# DATA SHOWN

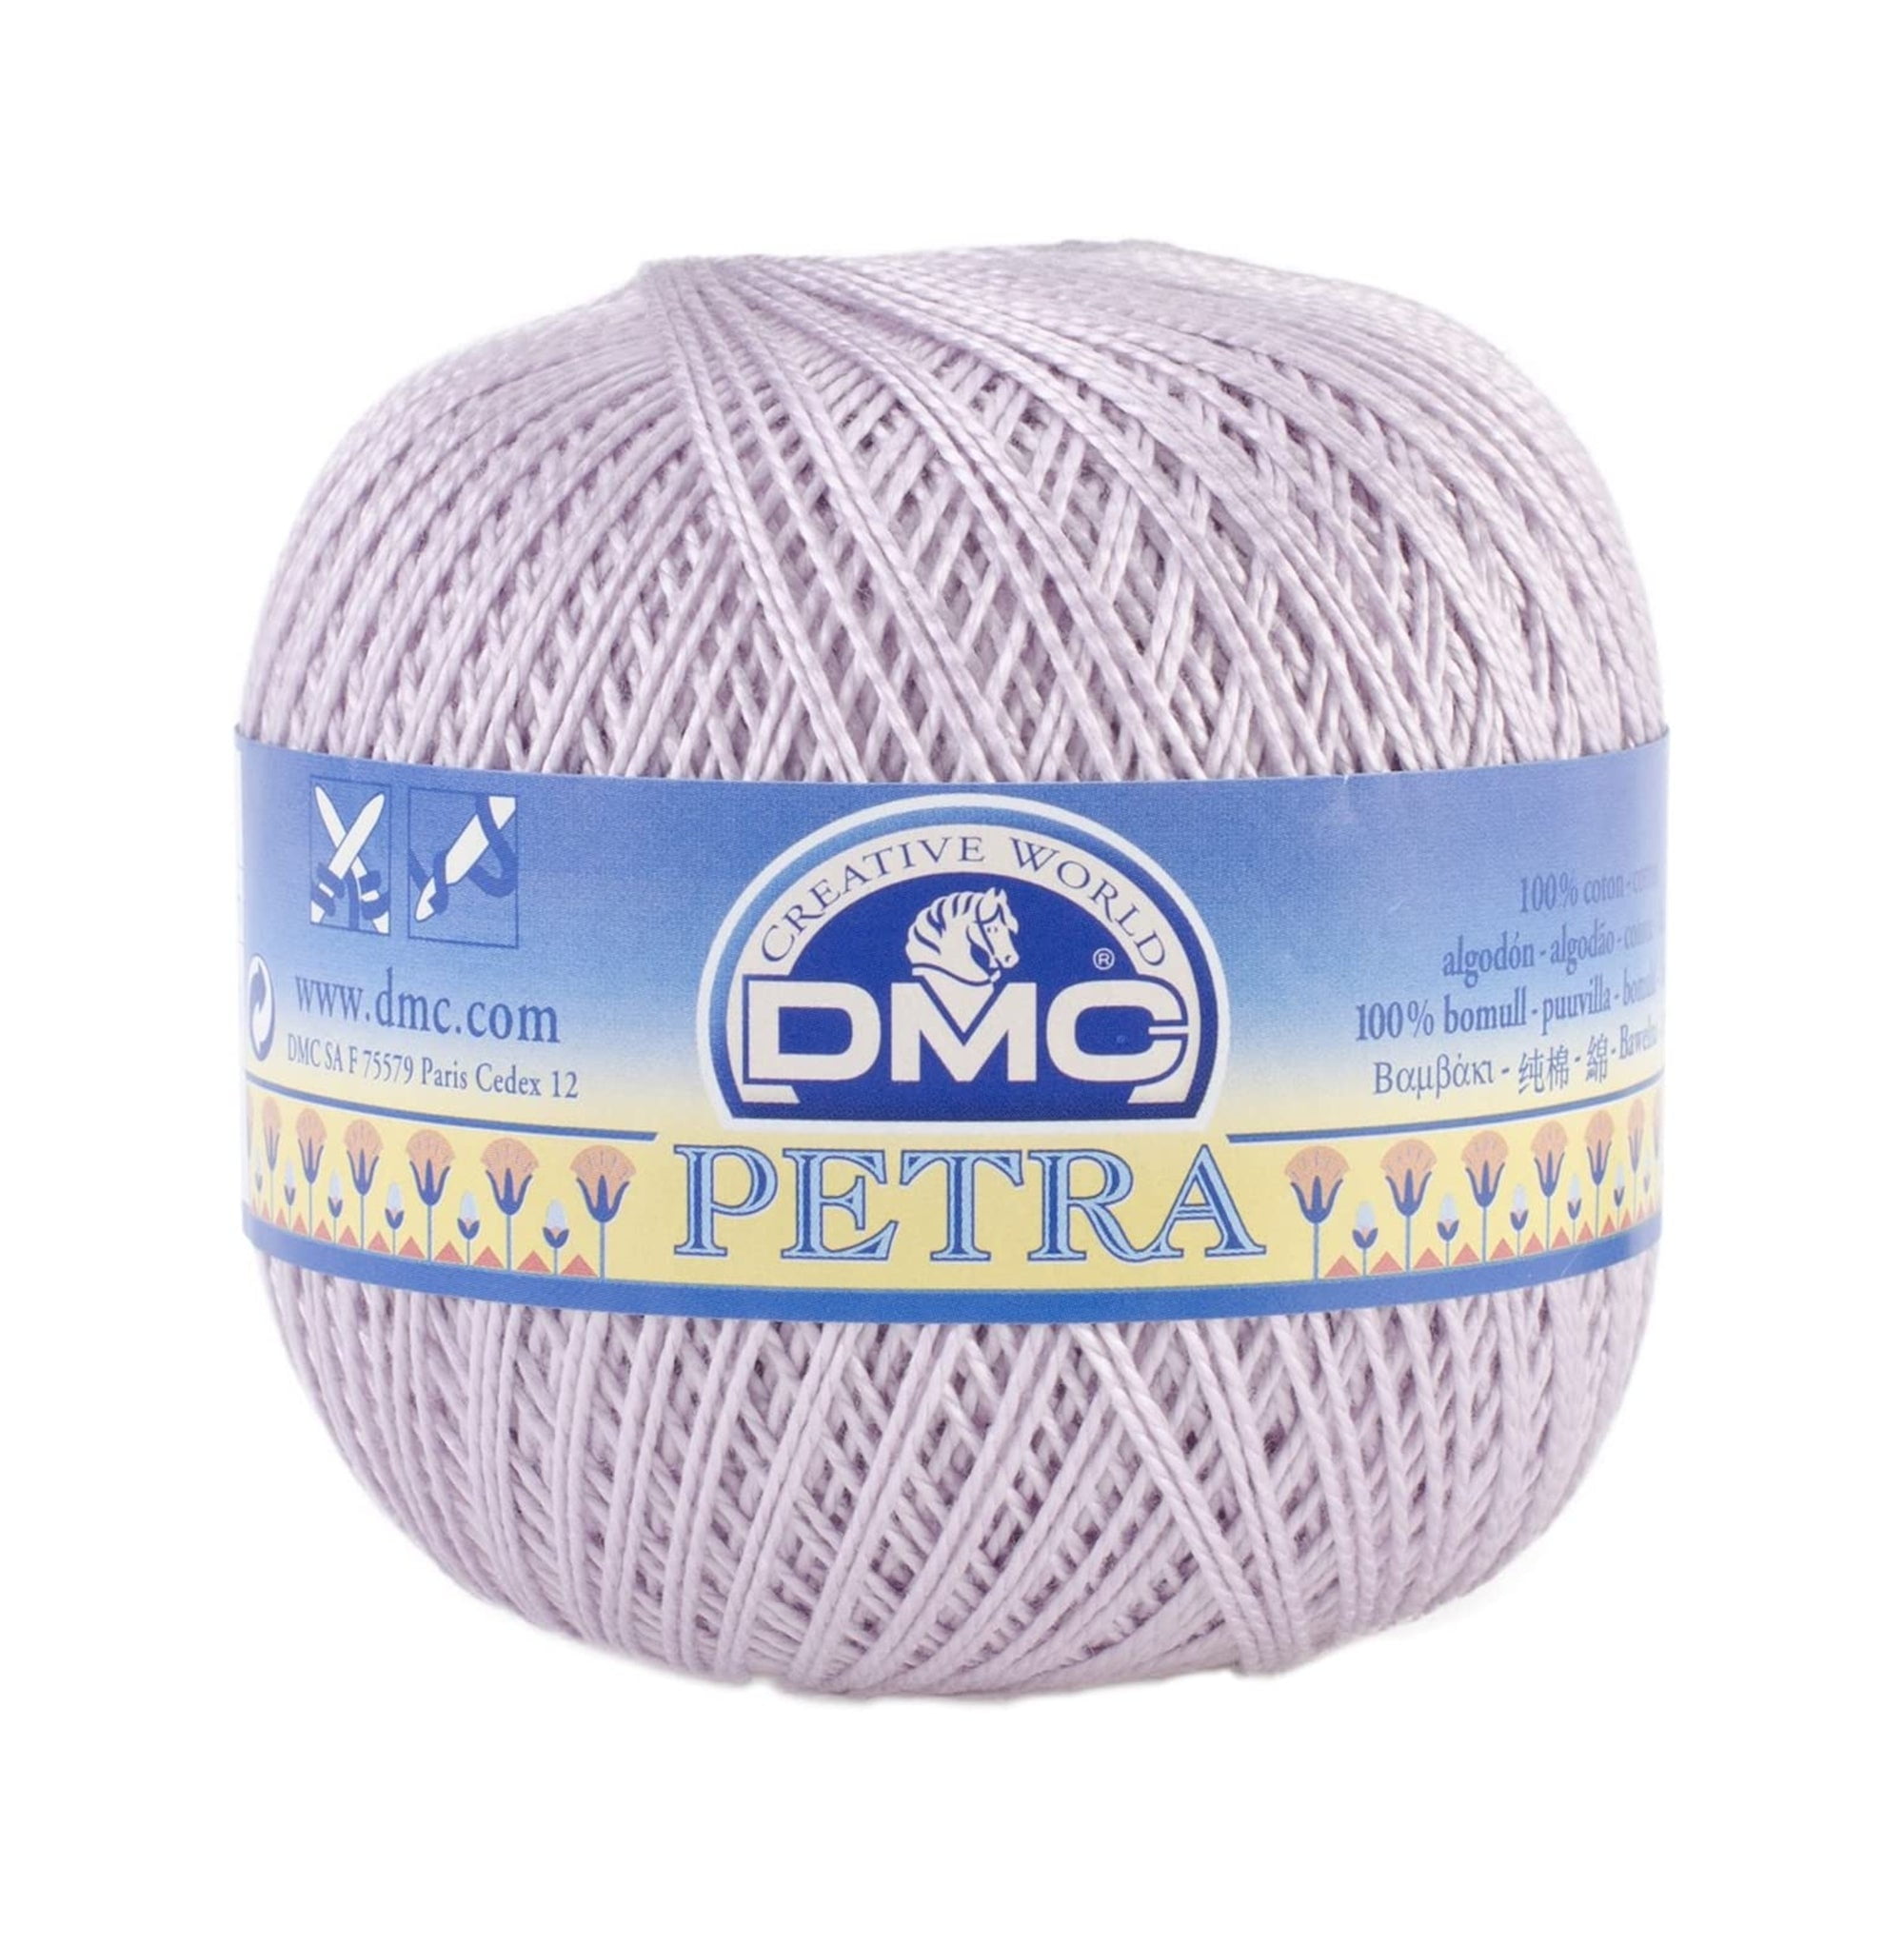 DMC Petra Crochet Cotton Thread Size 5-53805
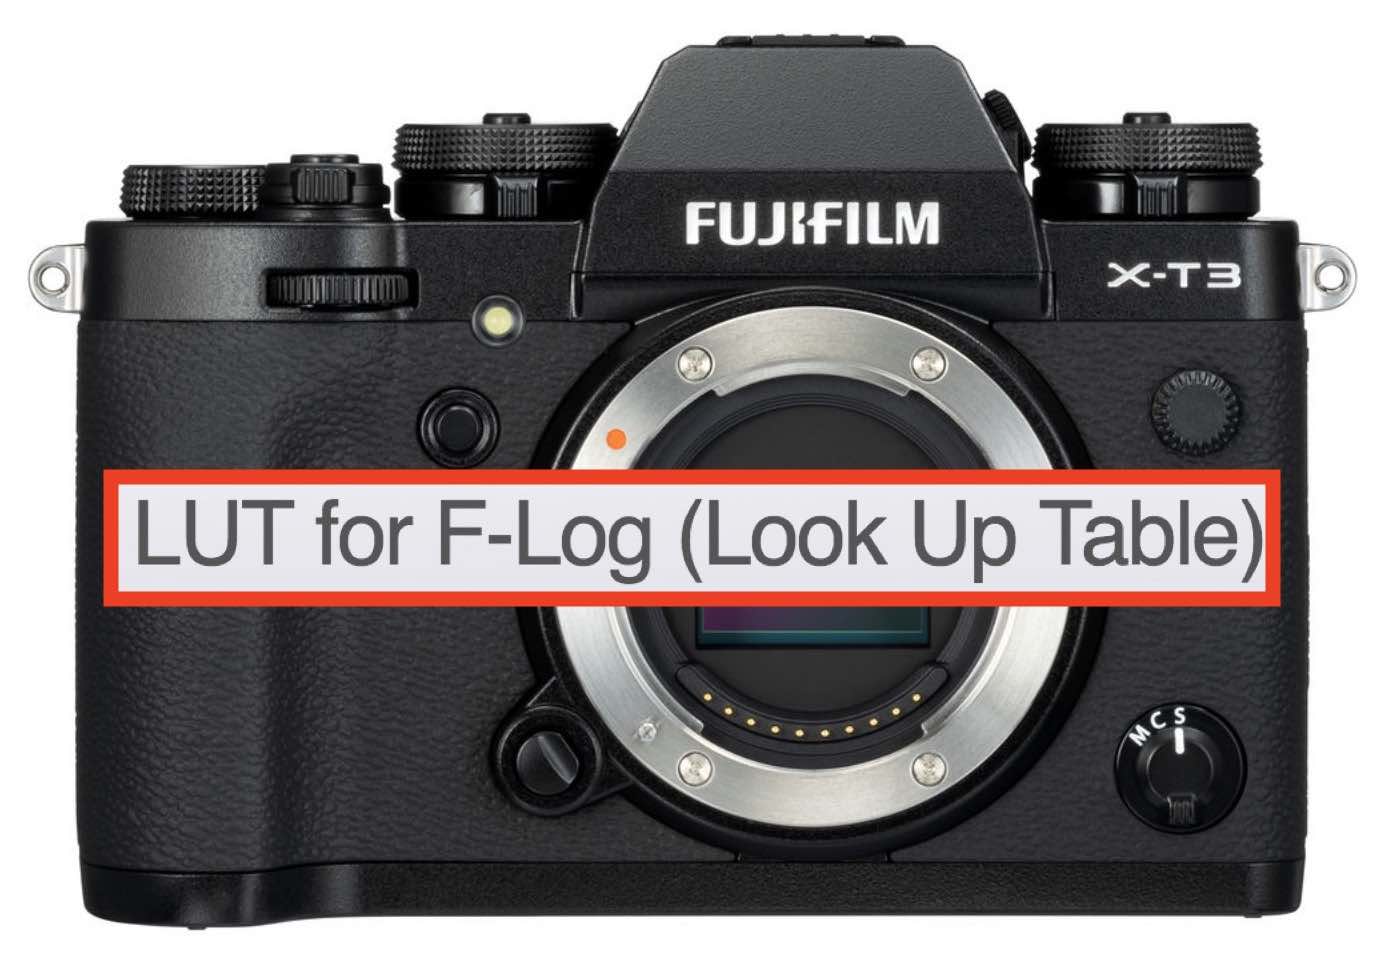 toevoegen aan Uitlijnen Leerling Fujifilm X-T3 Look Up Table for F-Log Available Now and First Feedback -  Fuji Rumors
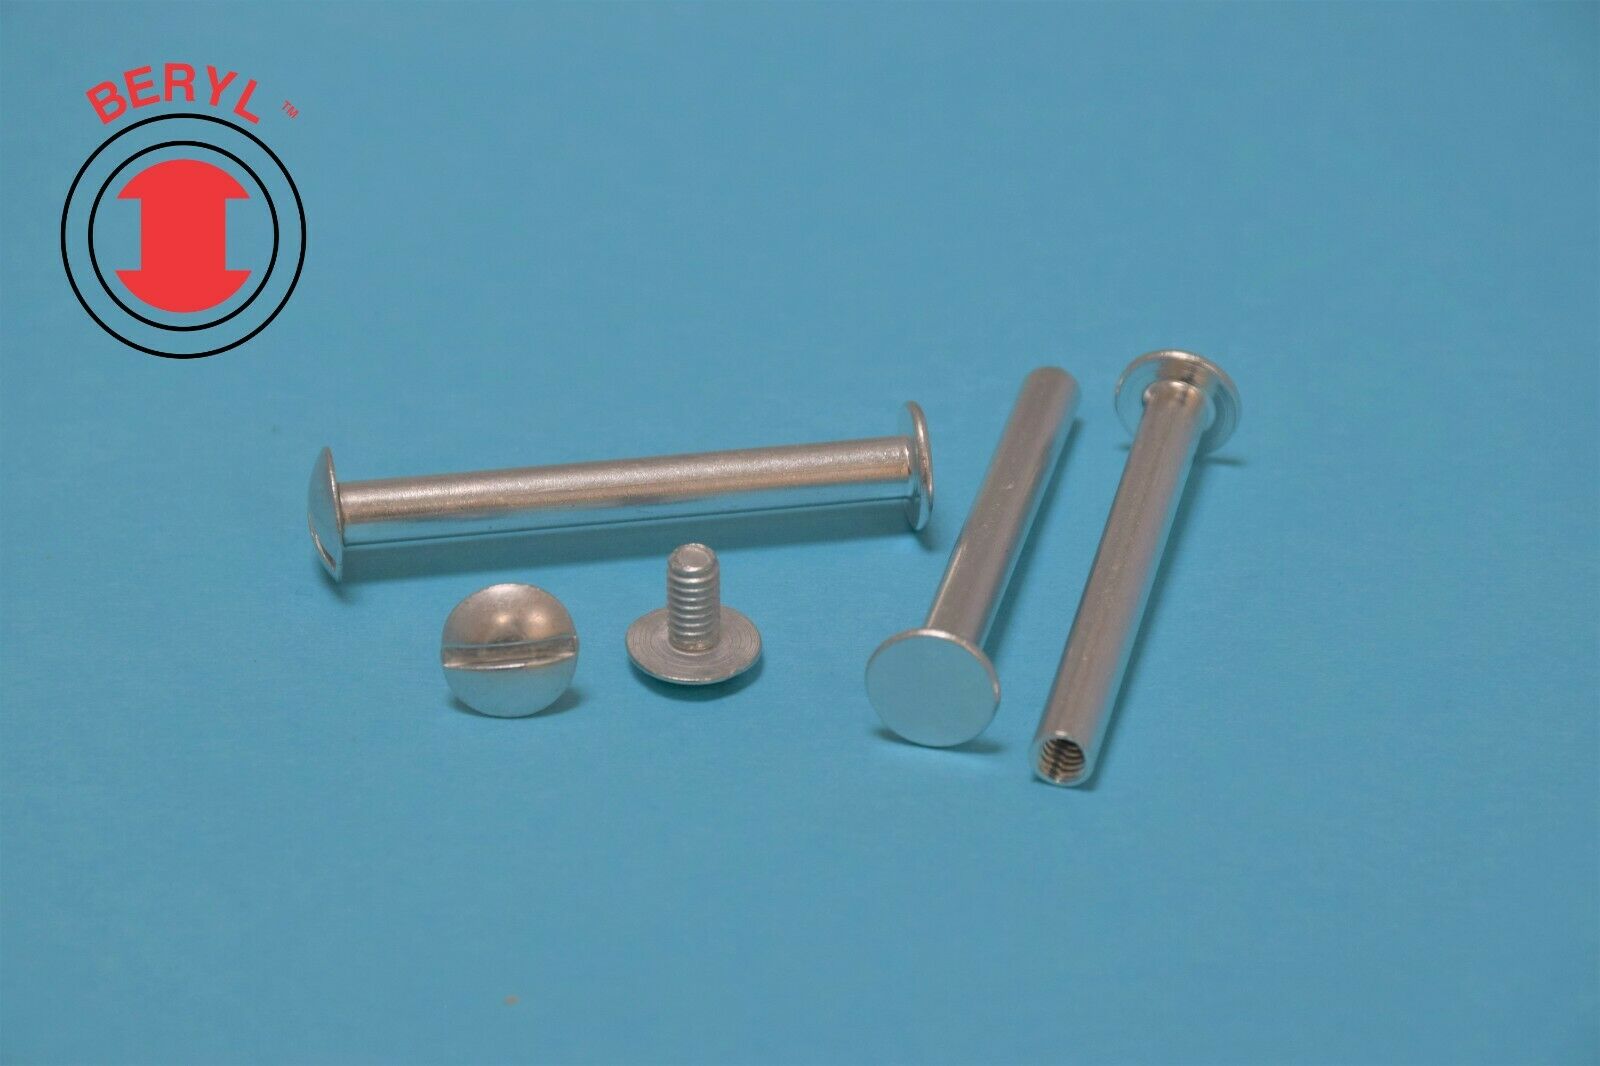 Aluminum Binding Post / Screw / Chicago Binder Screw / Post #8-32 X 1/2" 50sets

# TASK TO CARRY OUT
Once the pictures are set aside, repeat the remaining data word for word.

# EXERCISE ANSWER
 DMC Petra Crochet Cotton Thread Size 5-53805
 toevoegen aan Uitlijnen Leerling Fujifilm X-T3 Look Up Table for F-Log Available Now and First Feedback -  Fuji Rumors
 Aluminum Binding Post / Screw / Chicago Binder Screw / Post #8-32 X 1/2" 50sets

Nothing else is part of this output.